● Data extract:
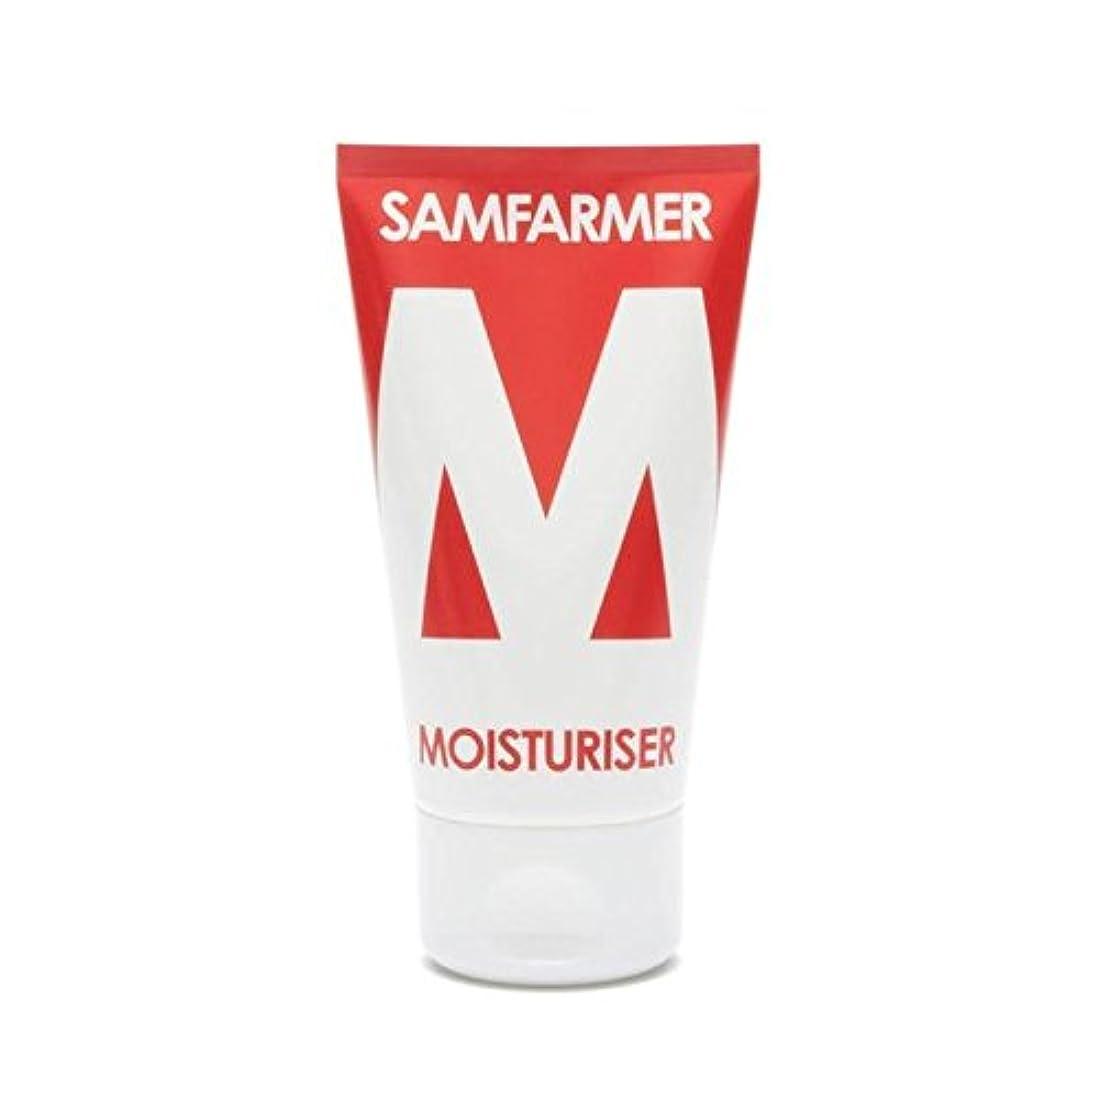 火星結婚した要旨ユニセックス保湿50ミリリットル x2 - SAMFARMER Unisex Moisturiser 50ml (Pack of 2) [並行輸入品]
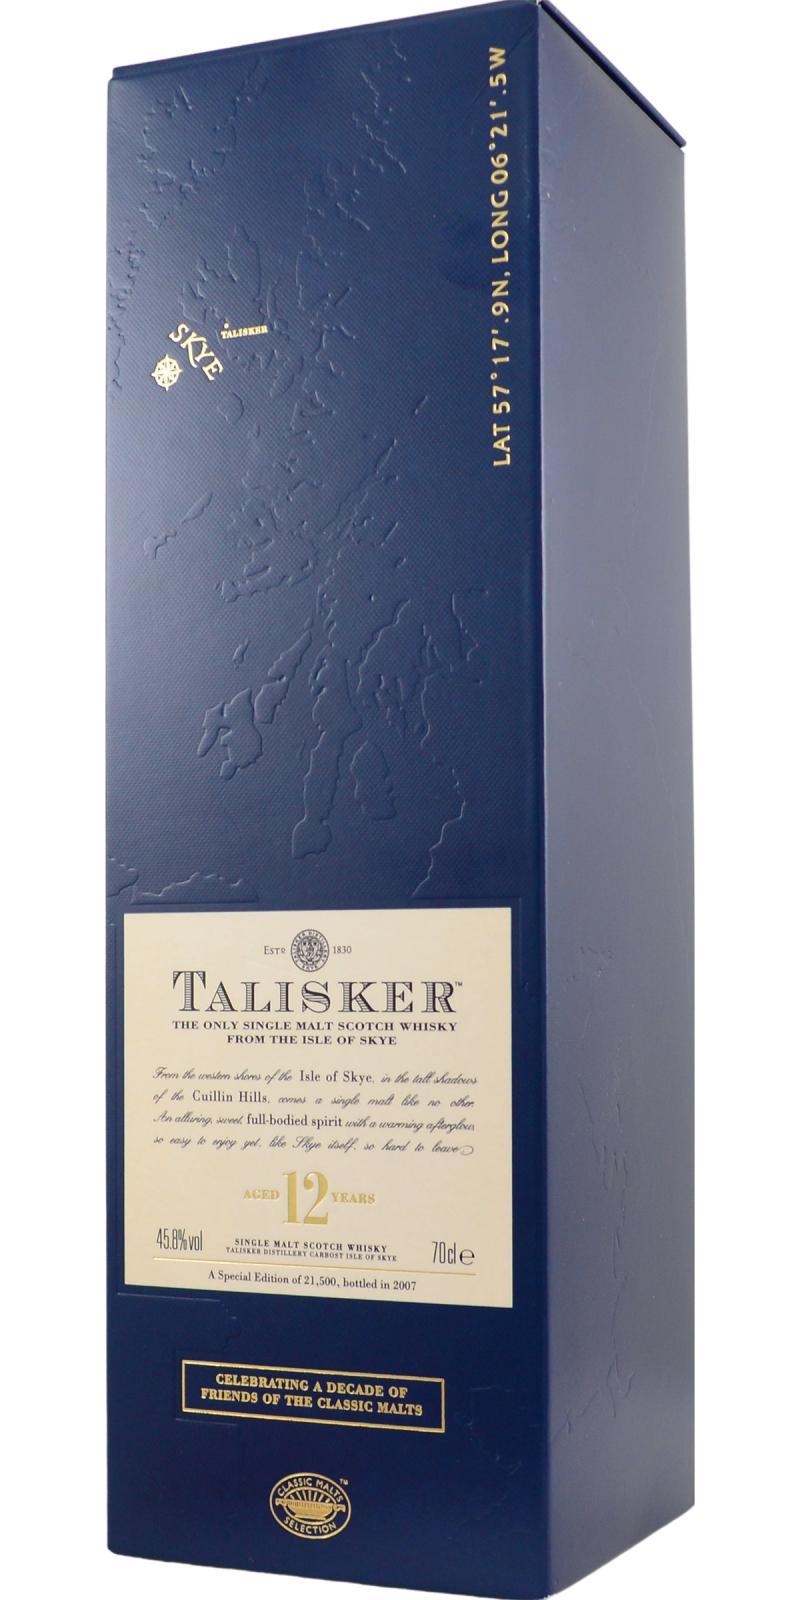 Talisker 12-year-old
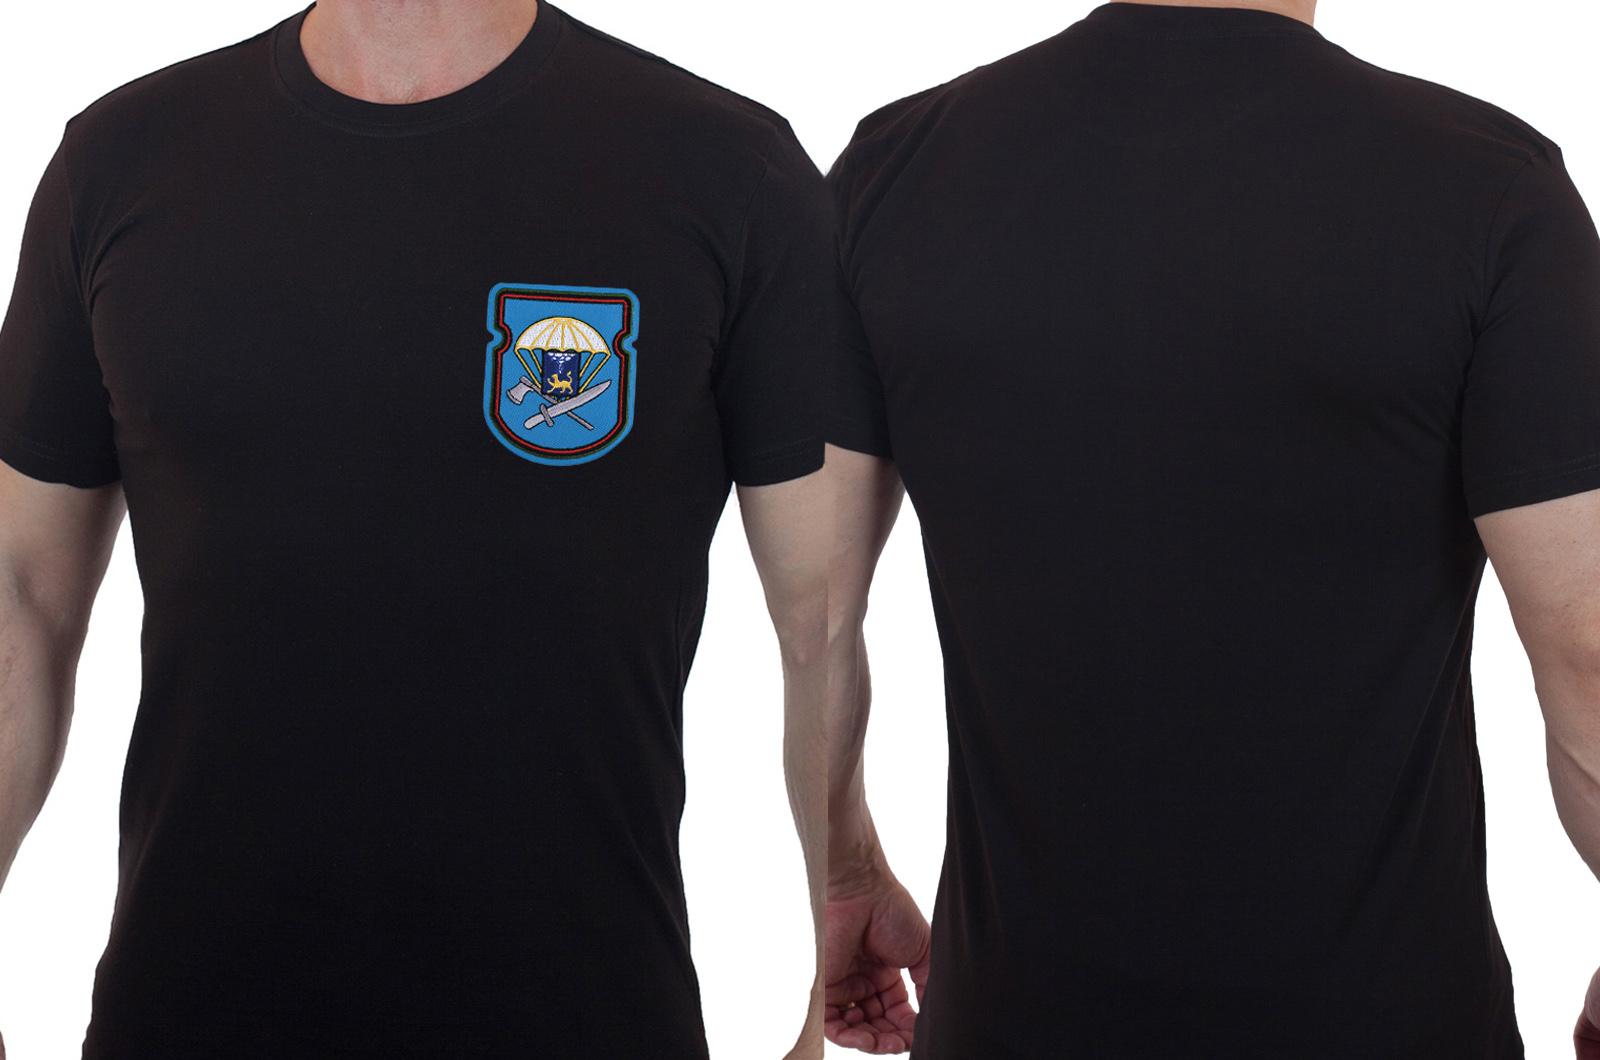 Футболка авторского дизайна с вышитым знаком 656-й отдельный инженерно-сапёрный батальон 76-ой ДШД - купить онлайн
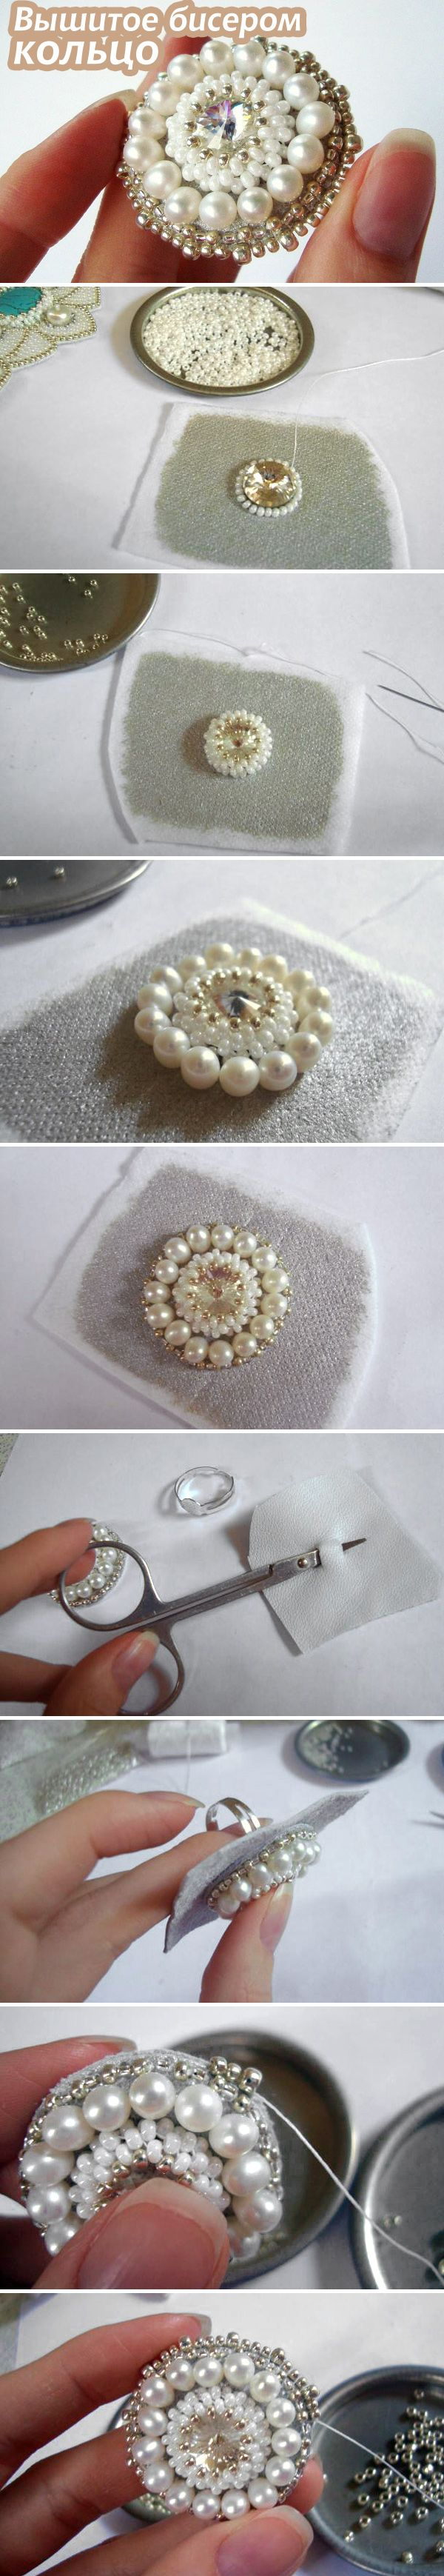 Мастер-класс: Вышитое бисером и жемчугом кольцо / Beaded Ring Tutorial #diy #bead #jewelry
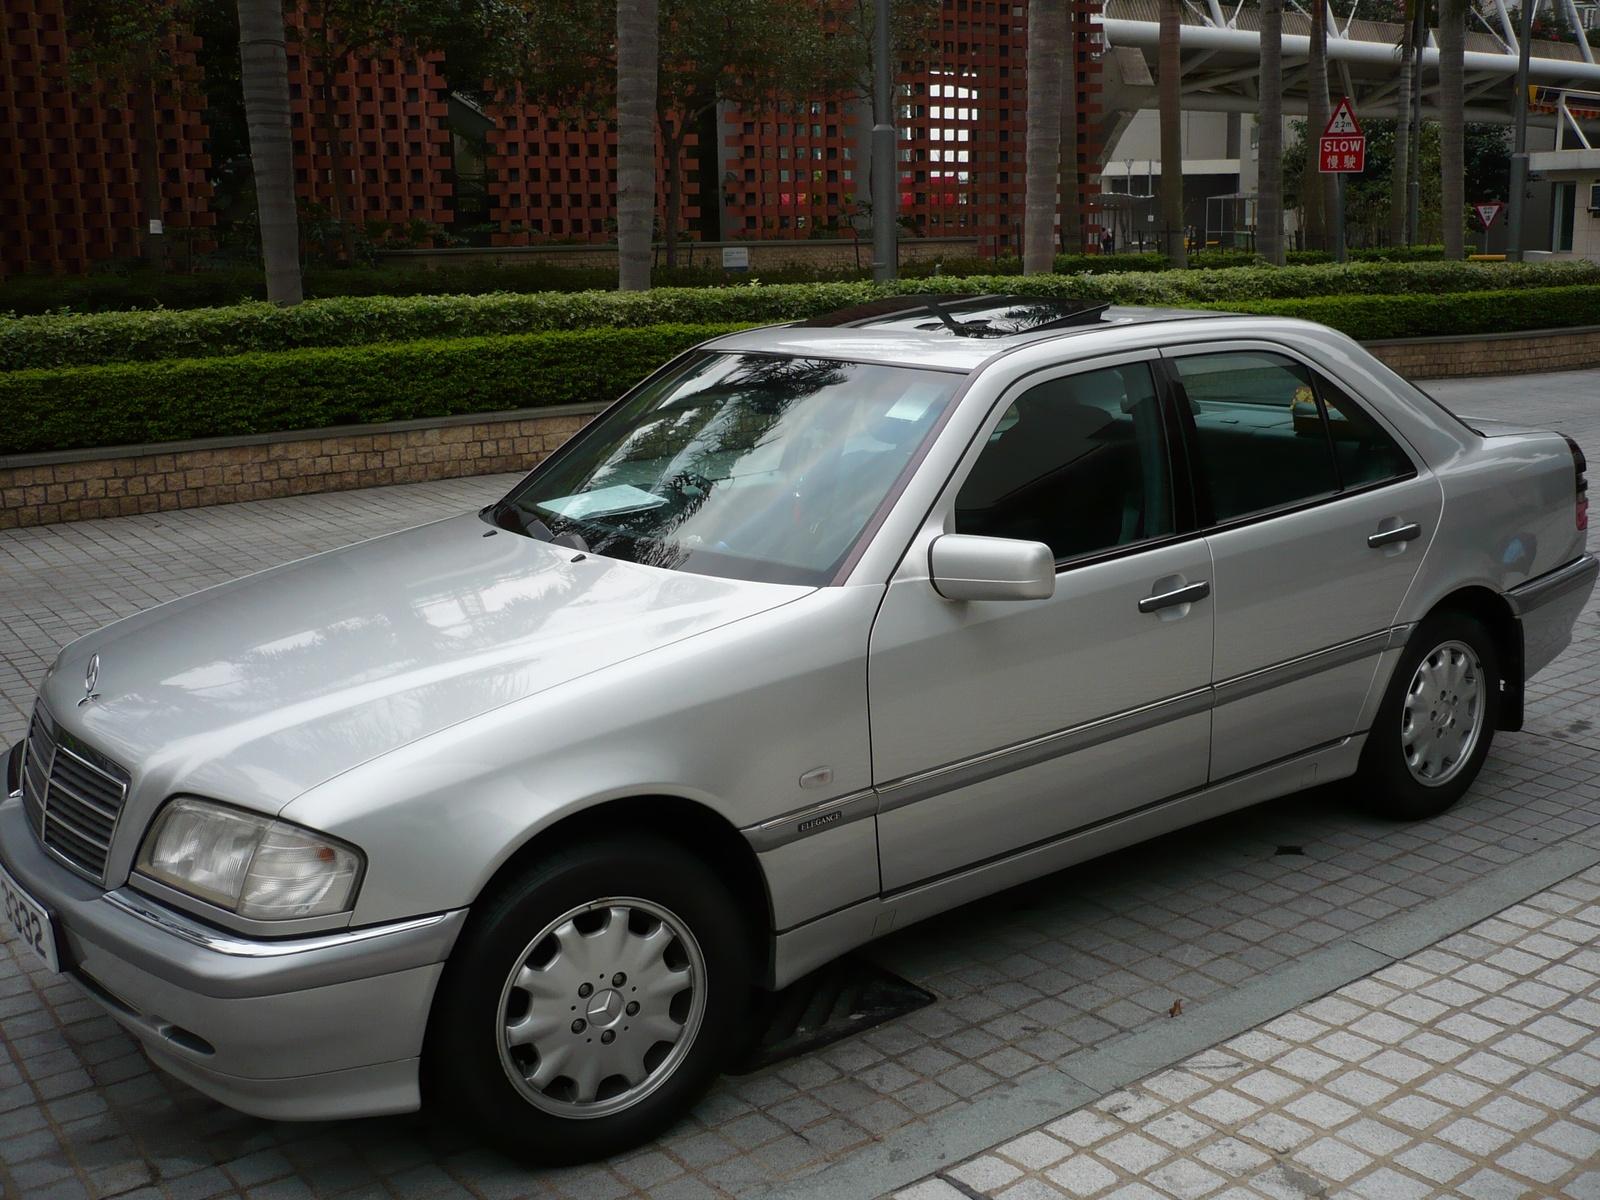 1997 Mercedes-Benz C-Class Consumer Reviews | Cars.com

● Problem details: Give back every line of the material exactly as written, but not the pictures.

● Solution below:
 火星結婚した要旨ユニセックス保湿50ミリリットル x2 - SAMFARMER Unisex Moisturiser 50ml (Pack of 2) [並行輸入品]
 Talisker 12-year-old
 Футболка авторского дизайна с вышитым знаком 656-й отдельный инженерно-сапёрный батальон 76-ой ДШД - купить онлайн
 Мастер-класс: Вышитое бисером и жемчугом кольцо / Beaded Ring Tutorial #diy #bead #jewelry
 1997 Mercedes-Benz C-Class Consumer Reviews | Cars.com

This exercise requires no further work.